どうだろうか。私が、そのD棟に住んでみるというのは」
「…へ?」
彼が、すっとんきょうな声をあげた。
私は、言葉を続ける。
「だって、そのD棟に現れる霊たちっていうのは、
『ただ、そこを通っているだけ』なんだろ?
それって、言い方を変えると、霊感が無い人間にとっては全く『無害』って事になるんじゃないか?
実は、こう言っちゃ何だが…私は、全く霊感が無い。これまでの人生、心霊体験をした事なんぞ一切、無いんだよ」
「いや、でも…」
鈴木君は、言葉を濁す。
「なら、どうだろう。
まずは、一ヶ月間、私がそのD棟で生活する。それで何も無ければ、私は正式にD棟の入居契約をして建物の取り壊しも中止すると言うのは。
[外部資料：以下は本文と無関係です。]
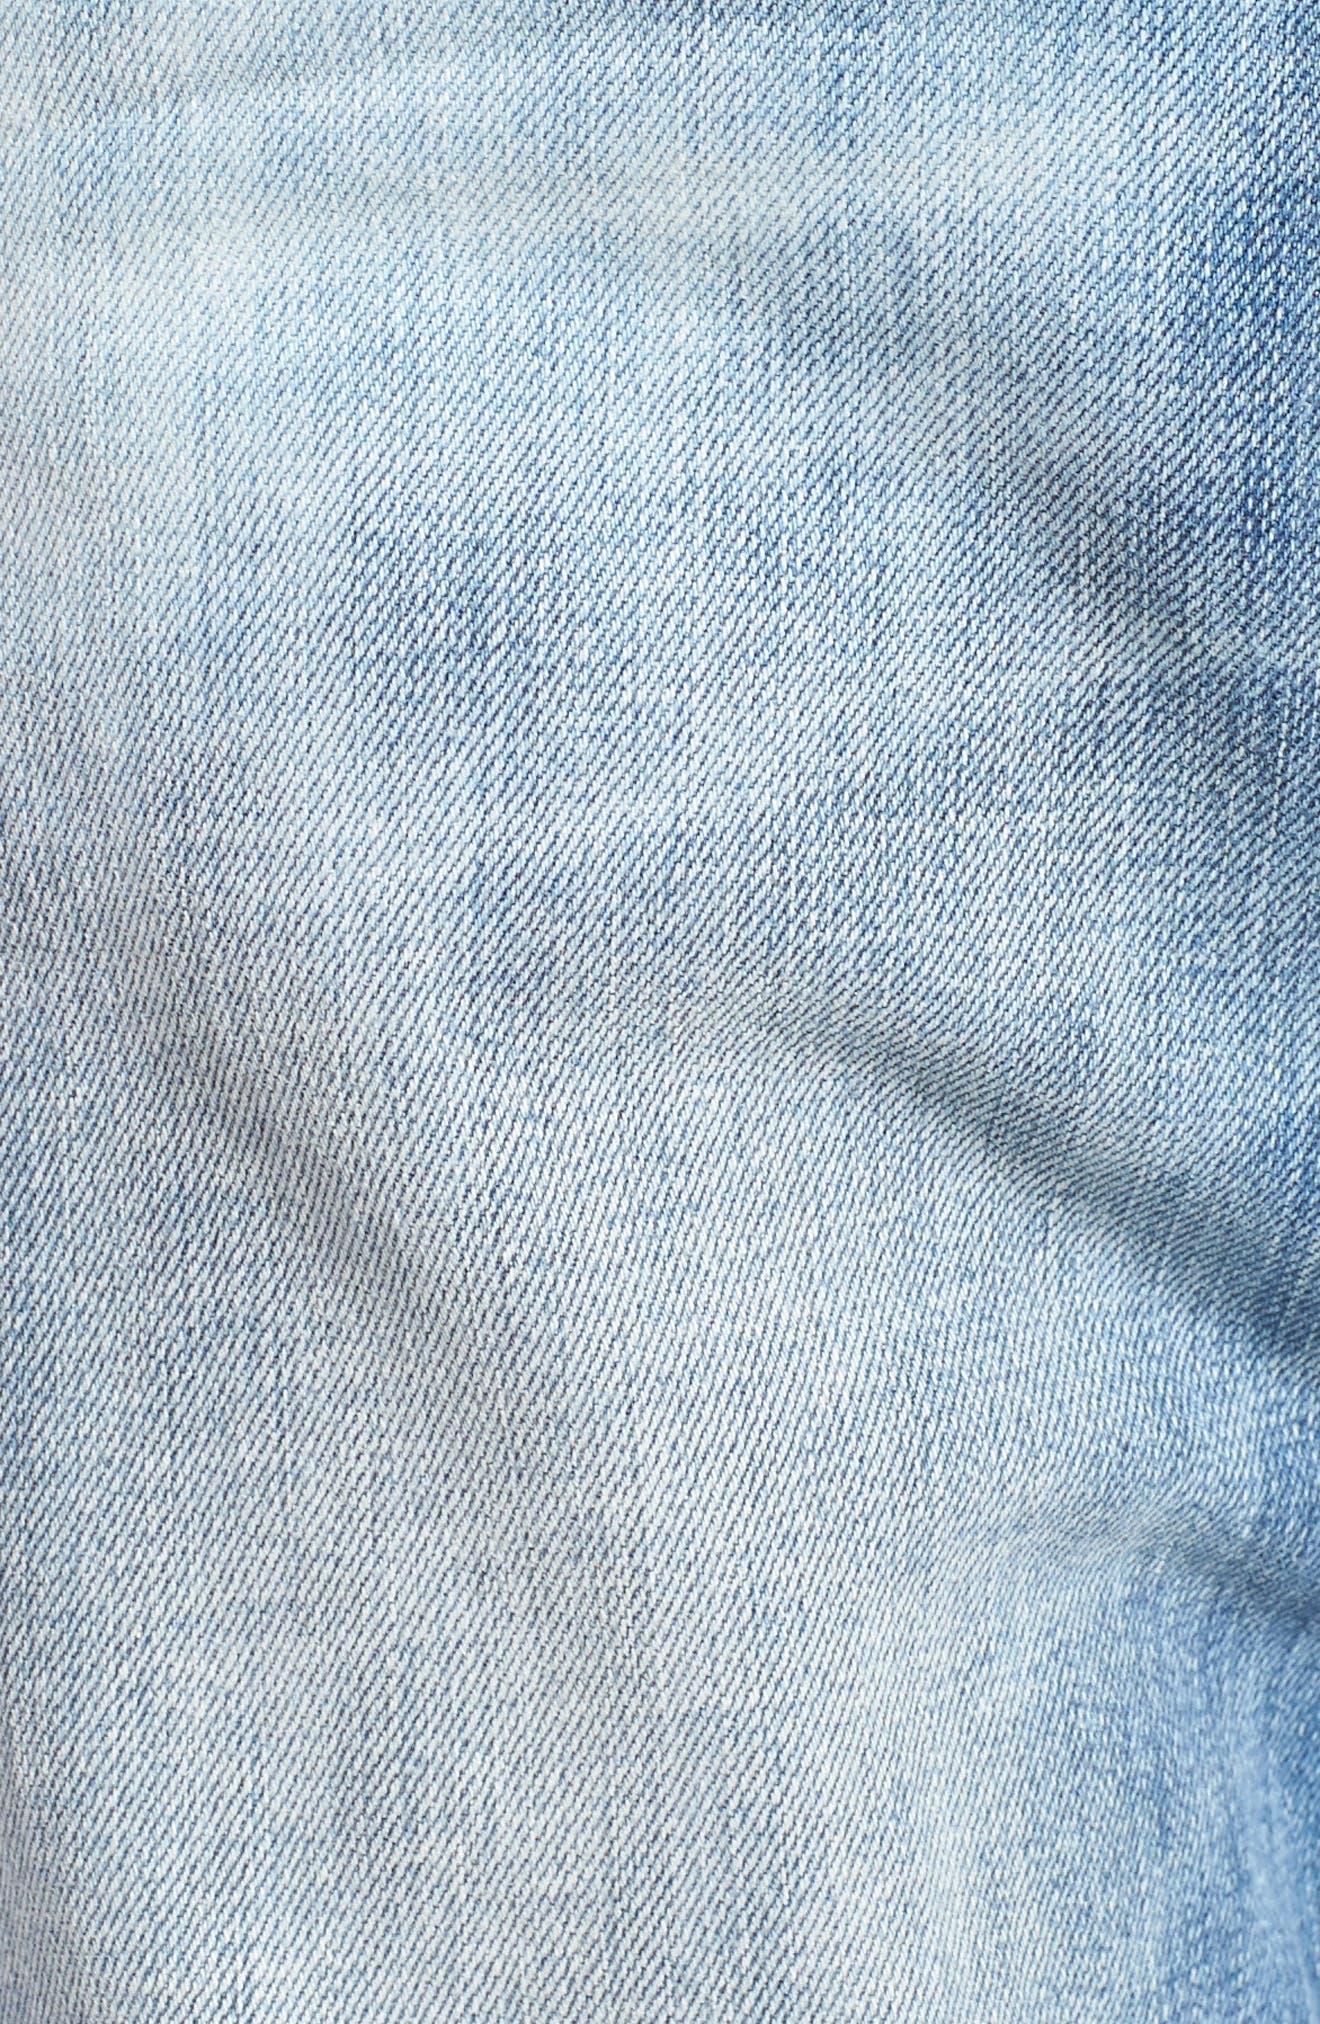 Blinder Skinny Fit Moto Jeans,                             Alternate thumbnail 5, color,                             429
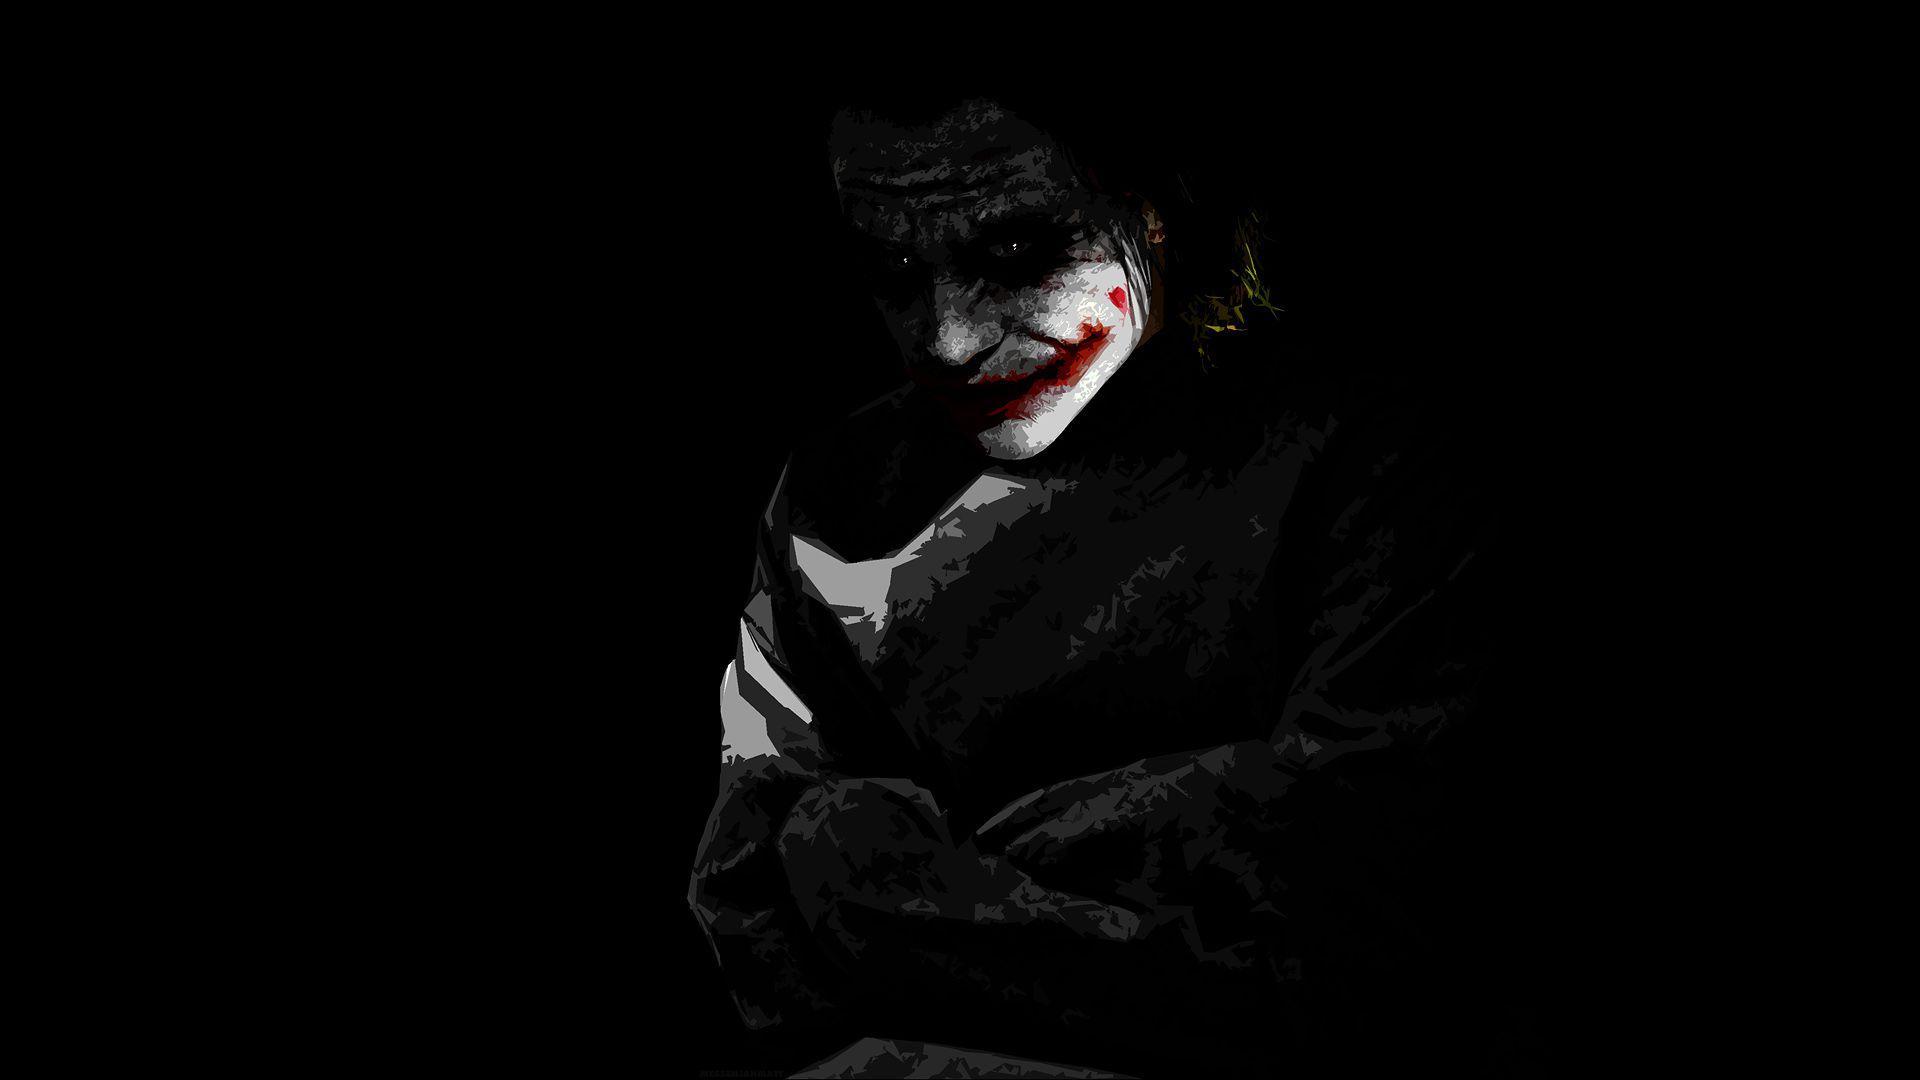 Joker HD wallpapers for iphone48

その代わりだな…。その時の契約料は他の棟の半額にしてくれ。どうだい?どうせ取り壊し予定の物件な訳だし。な、良いだろ?」
実は…
私のこの提案の『真の目的』は、
『契約料を半額にする事』に有ったのだ。
それに…
本当に私は、霊感と呼べるモノが全く無いのである。
そんな訳で…
私は、強引に押し切る形で(鈴木君も会社に了解を取り付けてくれて)そのD棟にまずは、一ヶ月の間、住んでみる事となったのだった。